Reading Reviews for I Don't Have a Say
5 Reviews Found

Review #1, by TidalDragon I Don't Have a Say

7th July 2014:

This was an interesting take on the dissolution of the friendship between the Founders.

I think what struck me most about it was how fiery things became. It was obvious from the beginning that relations had been frosty for some time, particularly between Gryffindor and Slytherin, but it was a bold choice to have things actually come to a head in the form of a fight between the two. I think this might have been supplemented by having a bit more honest discussion between the four before it happened, but hey, it's your story.

I did also notice a few spots where some odd grammar and word choice popped up.
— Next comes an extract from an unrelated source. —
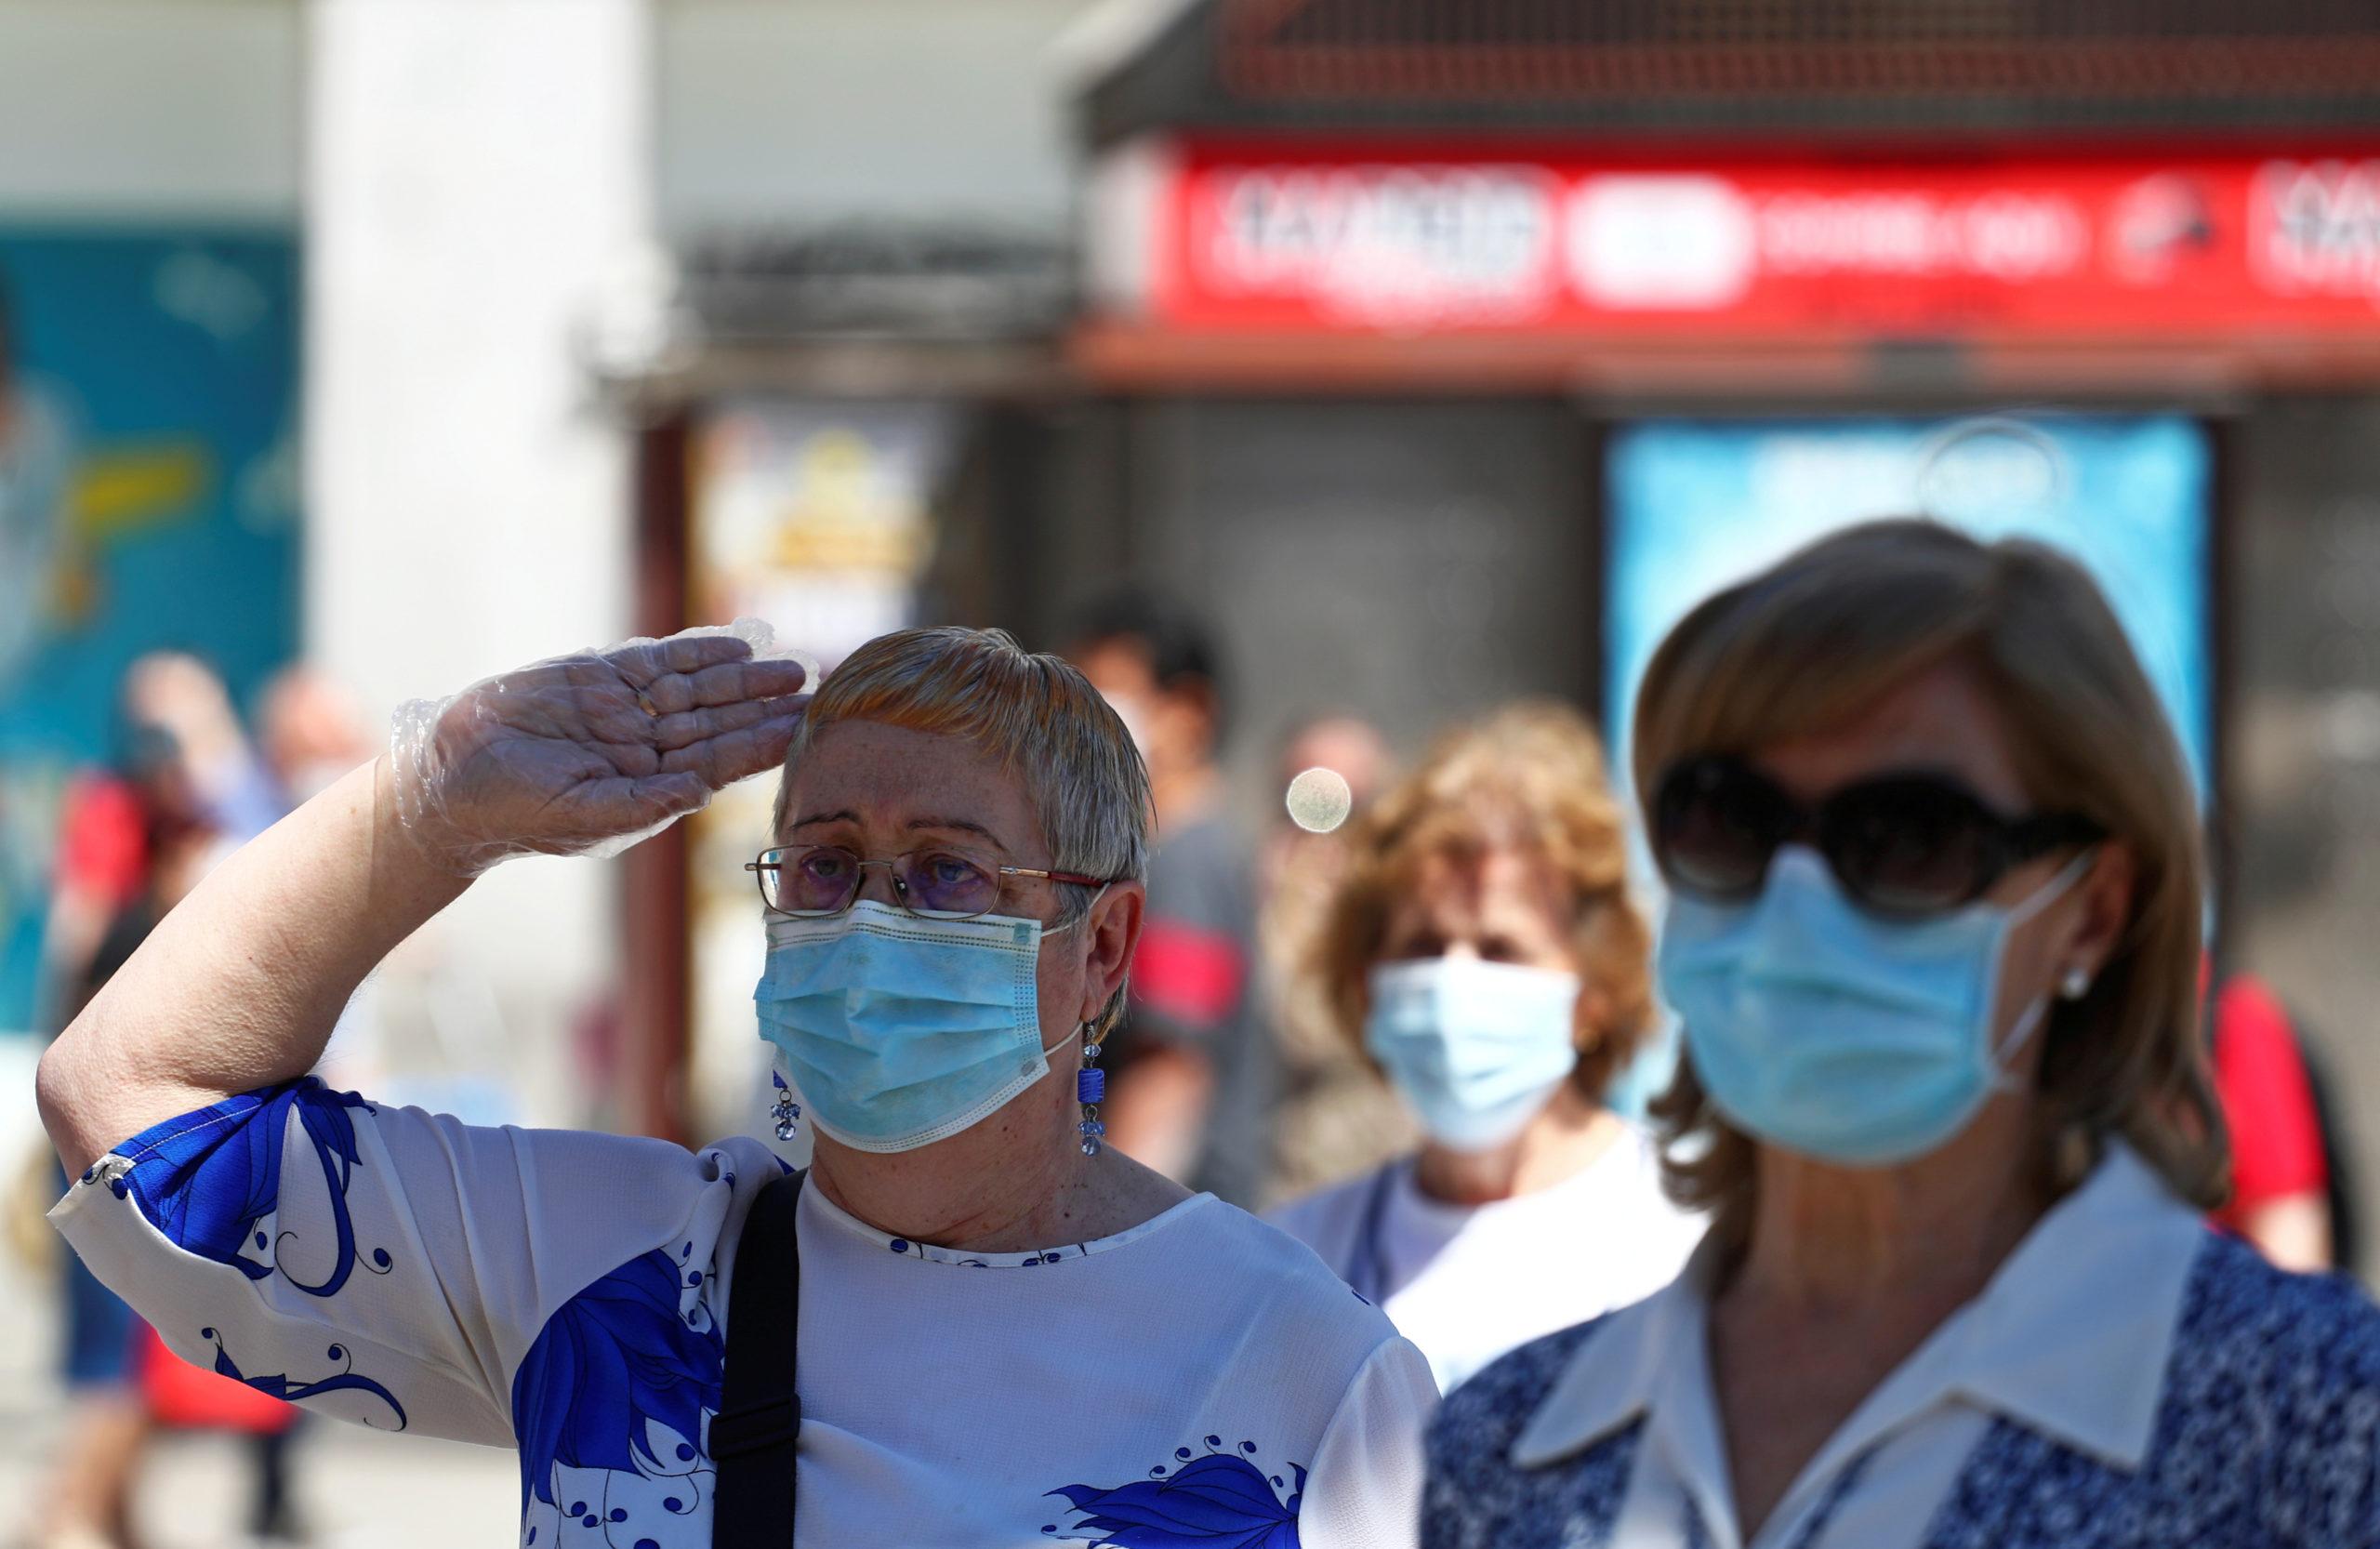 CORONAVIRUS: L'OMS RECOMMANDE DÉSORMAIS LE PORT DU MASQUE DANS L'ESPACE PUBLIC

Just as an example, there was this sequence: "[t]he diadem of a carefully designed raven perched on her head, wearing a sapphire proudly. She was mumbled to herself as if she was carrying a conversion with herself." Here, I see that in the first line you were trying to personify the diadem using "perched" (like a raven would do), but it took a couple of reads to get that (at least for me). With the second line, the two uses of "herself" seem awfully close - perhaps you have an alternate option you could use in the first instance?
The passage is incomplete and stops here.